* **Problem to solve**:
Wherever a picture appears, skip it and retype the rest of the data exactly.

*** Data provided Section Begins ***

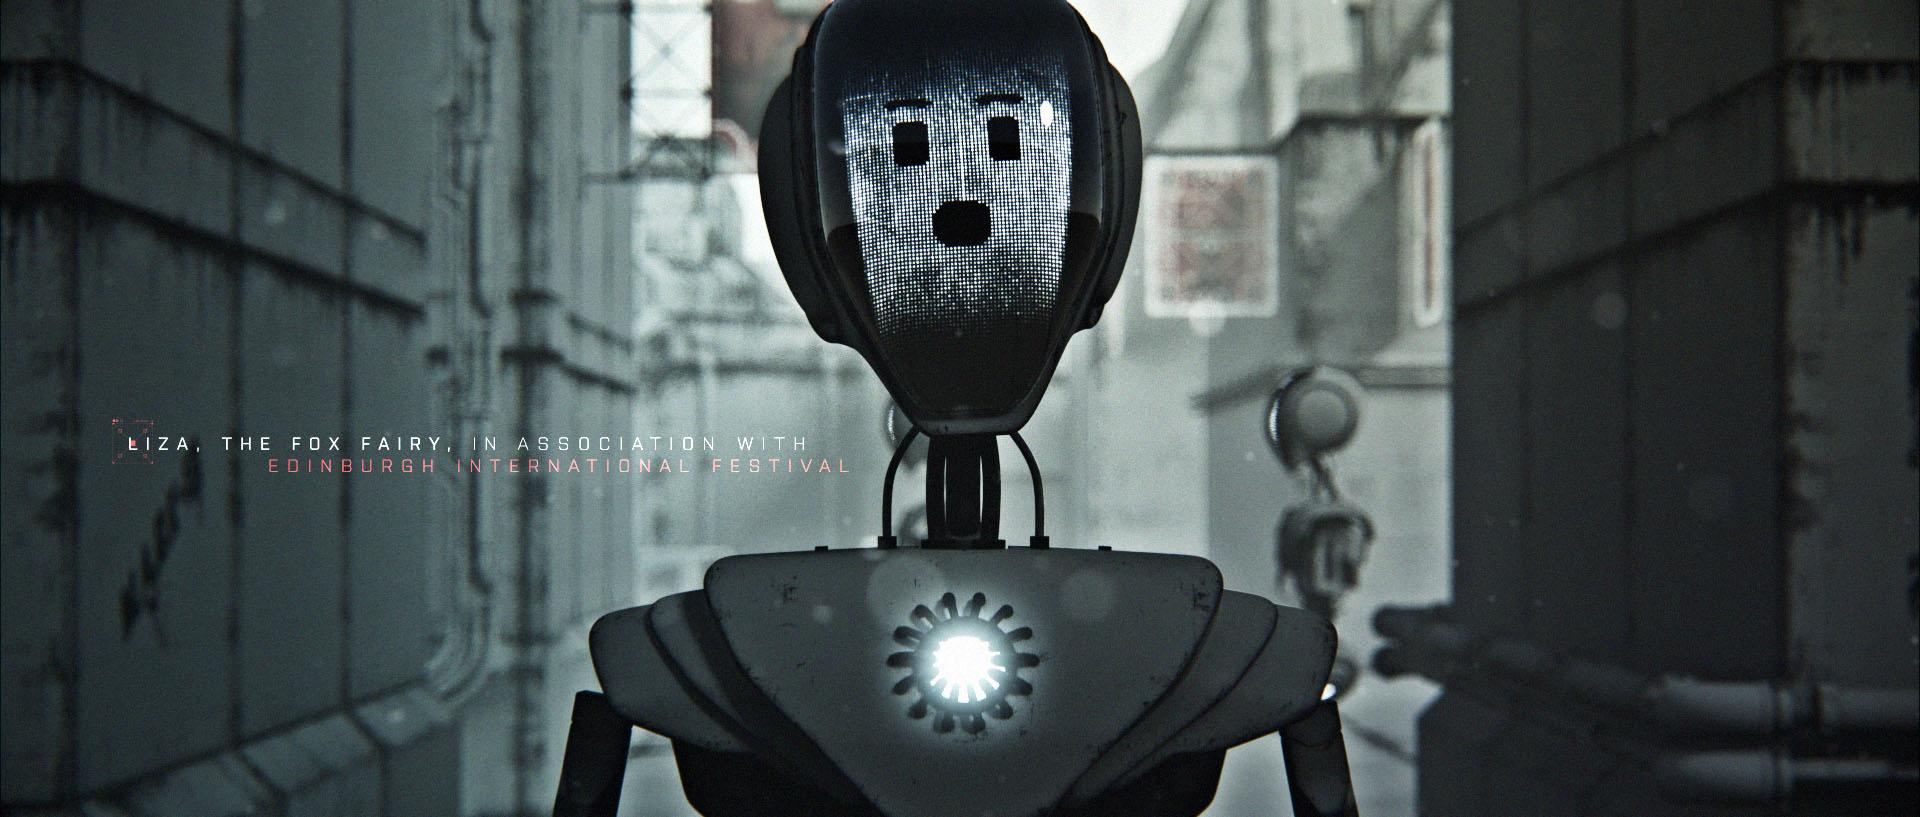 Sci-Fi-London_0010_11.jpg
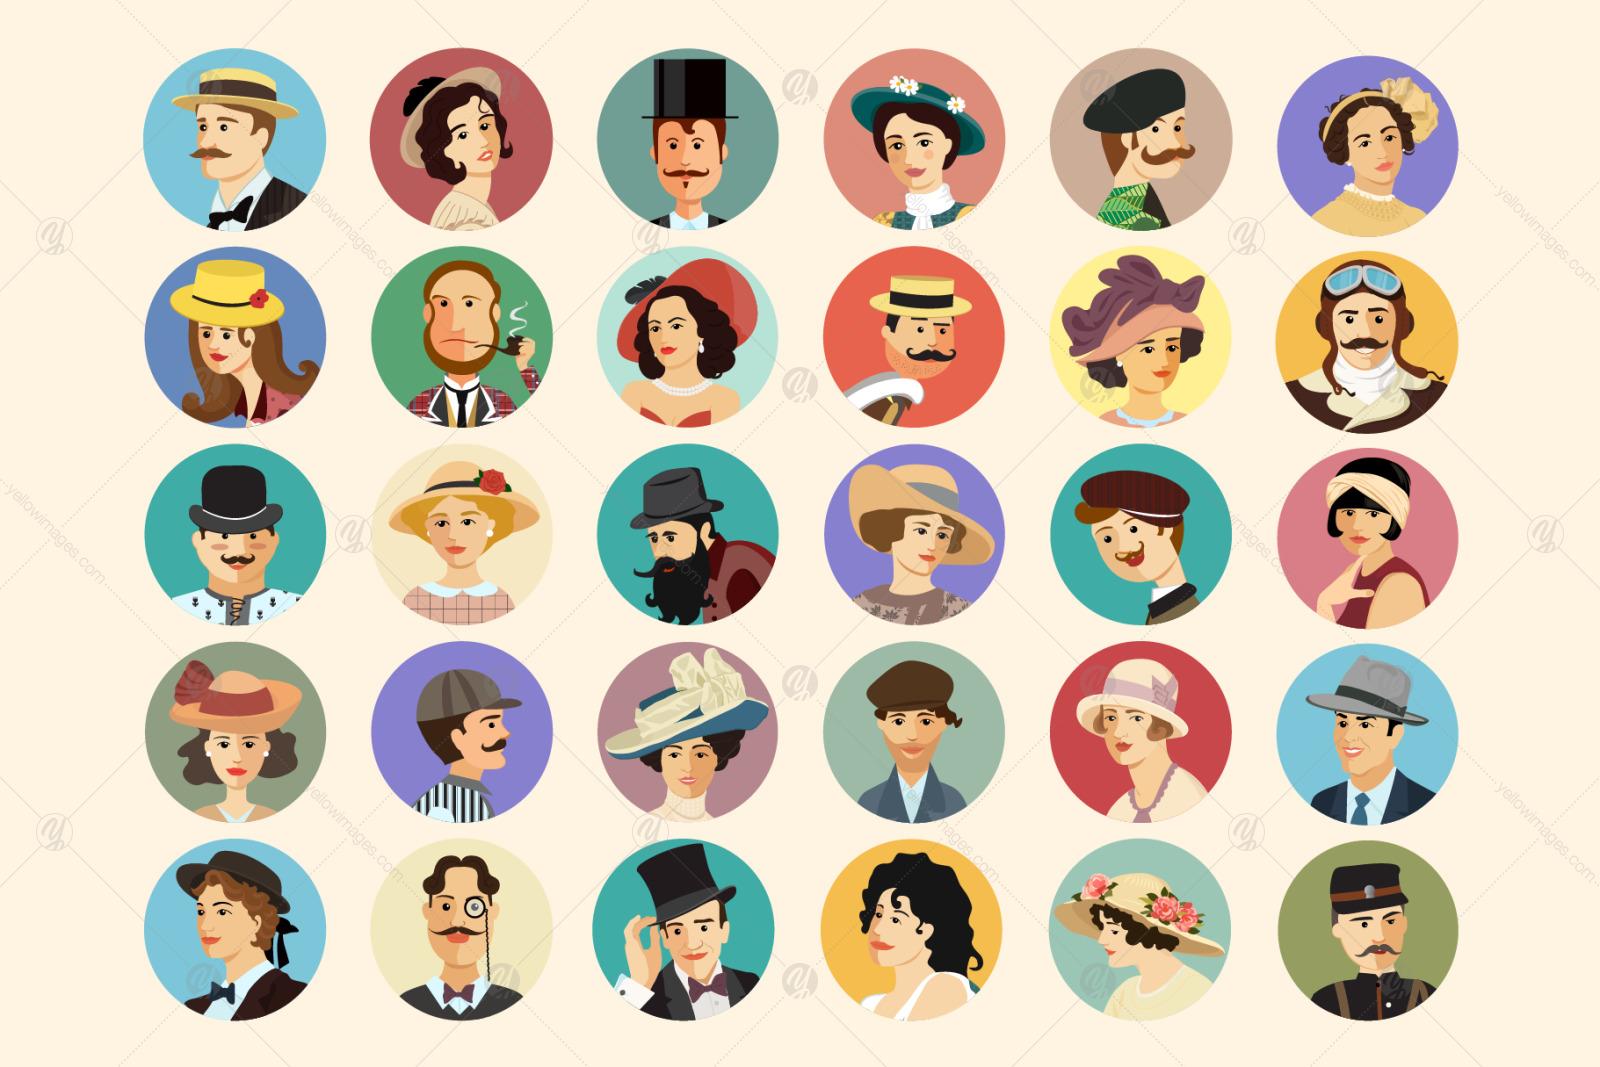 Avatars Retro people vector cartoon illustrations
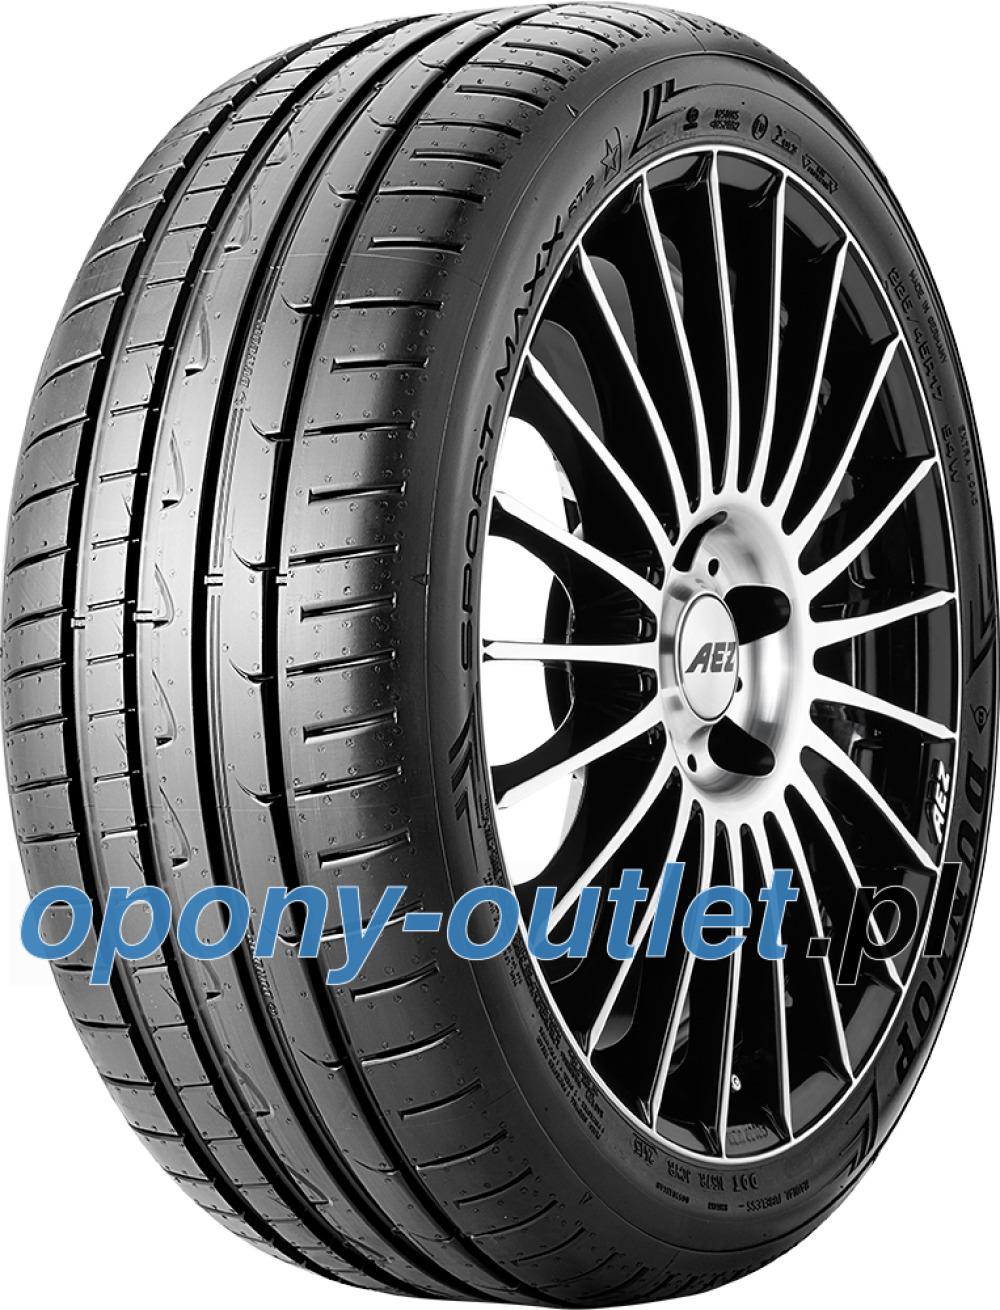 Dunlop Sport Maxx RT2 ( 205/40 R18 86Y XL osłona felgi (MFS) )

*** Data provided Section Ends ***

* **Reply**:
 Sci-Fi-London_0010_11.jpg
 Avatars Retro people vector cartoon illustrations
 Dunlop Sport Maxx RT2 ( 205/40 R18 86Y XL osłona felgi (MFS) )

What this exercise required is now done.